WORK REQUEST -
Excluding pictures, what does the listing below contain from the line with "ויליאם טרנבול בסטודיו שלו בקמדן סקוור, 1960" up to and including the line with "של וויליאם טרנבול", word for word?
-- DATA SHOWN follows --
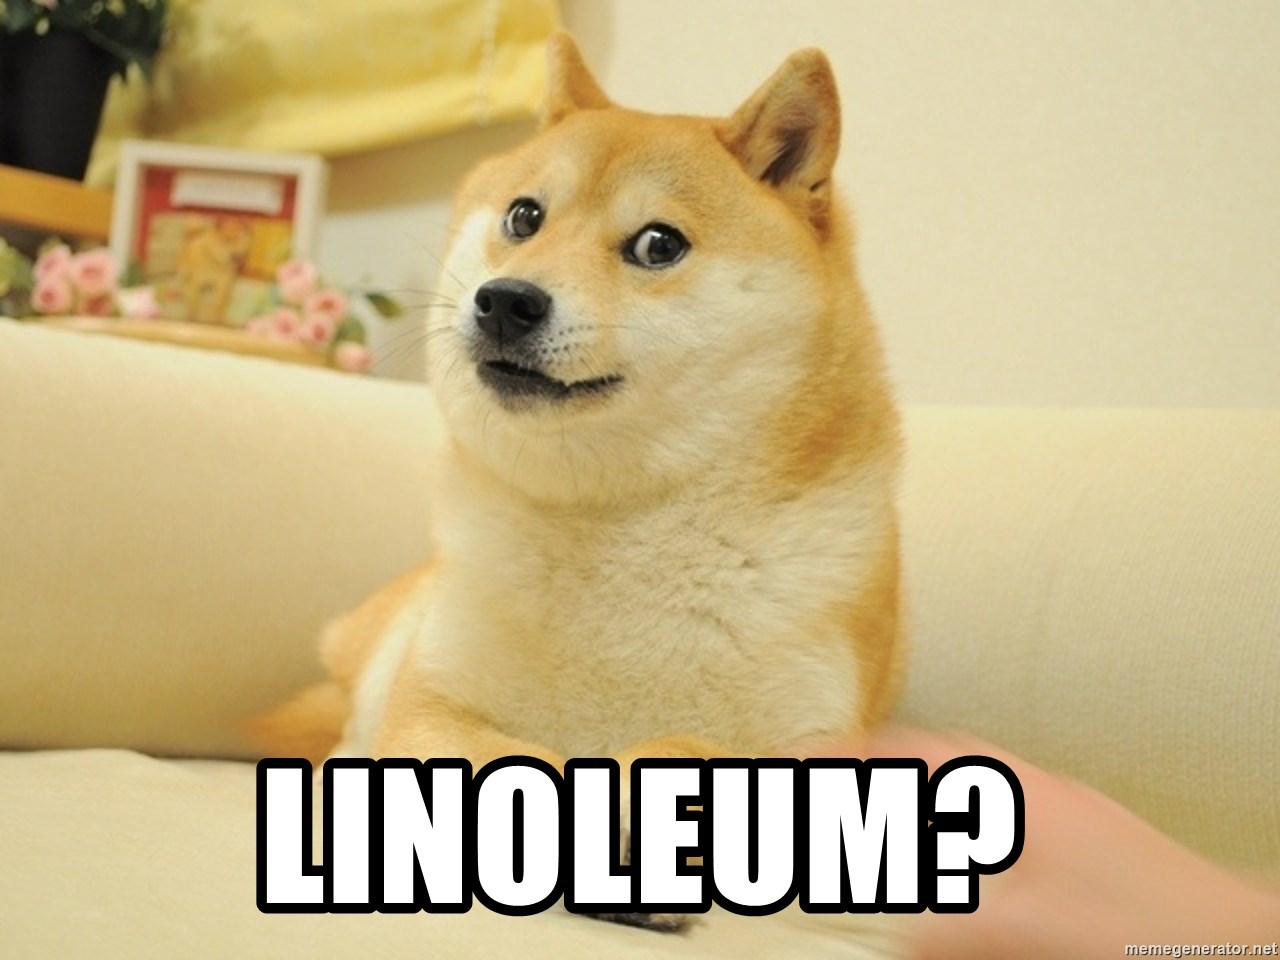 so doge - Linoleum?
-- DATA SHOWN concluded --
-- DATA SHOWN follows --
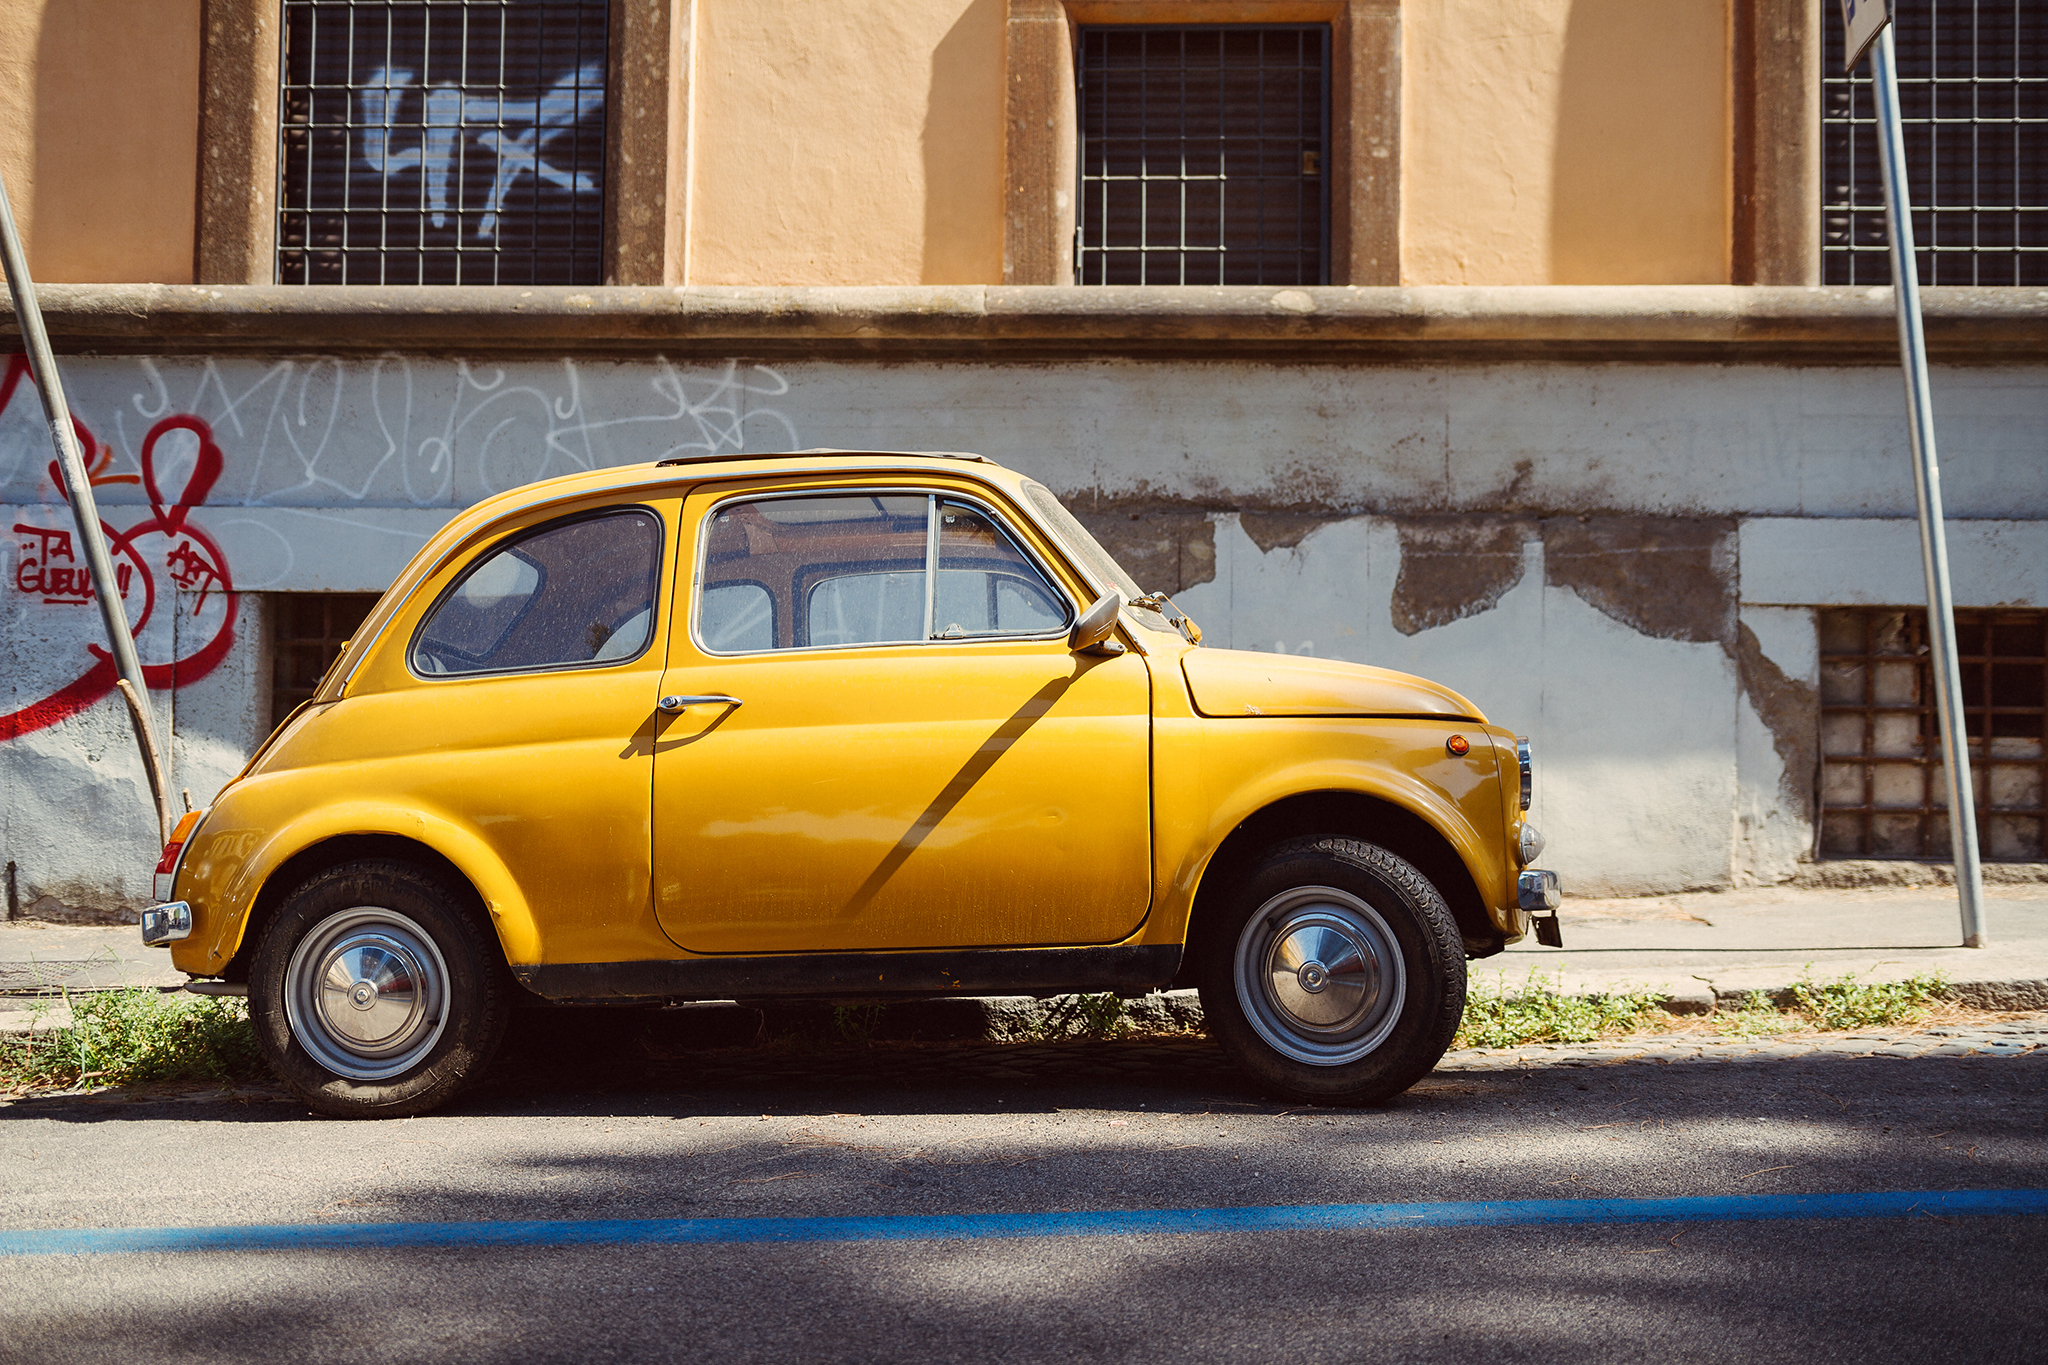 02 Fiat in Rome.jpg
-- DATA SHOWN concluded --
-- DATA SHOWN follows --
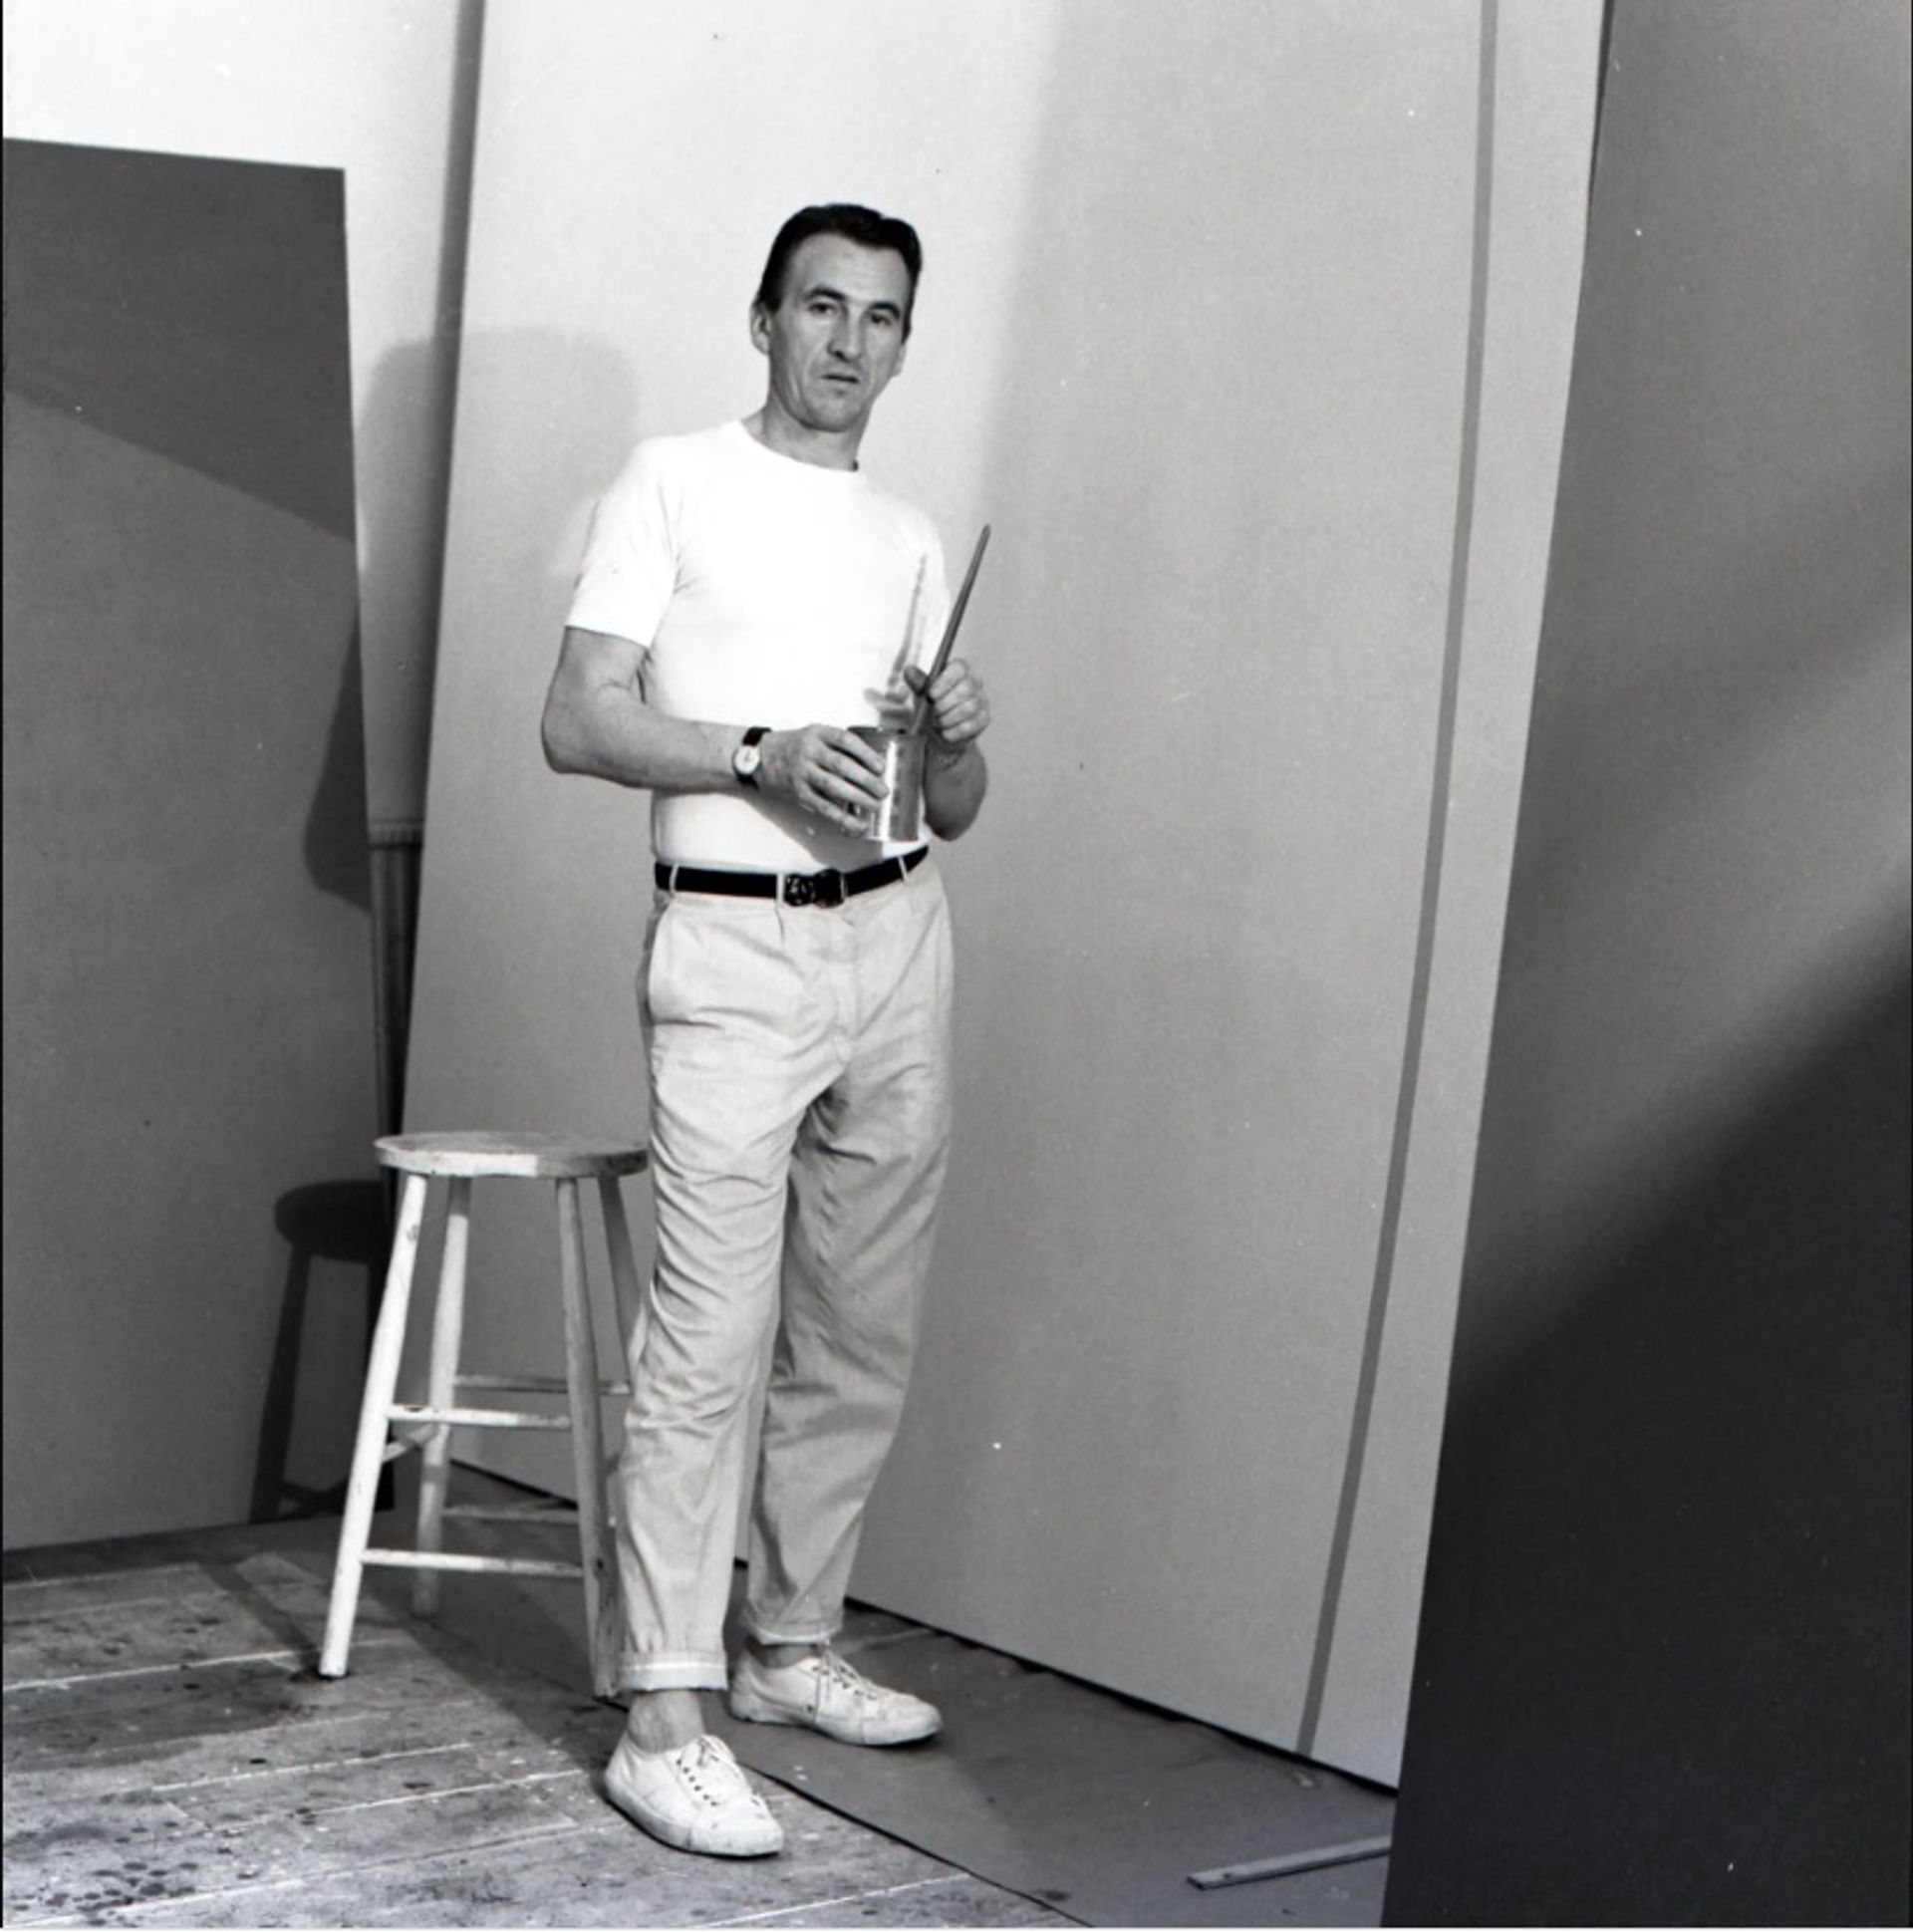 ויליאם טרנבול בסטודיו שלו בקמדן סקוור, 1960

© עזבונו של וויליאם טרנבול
-- DATA SHOWN concluded --
ANSWER TO THIS EXERCISE -
 ויליאם טרנבול בסטודיו שלו בקמדן סקוור, 1960

© עזבונו של וויליאם טרנבול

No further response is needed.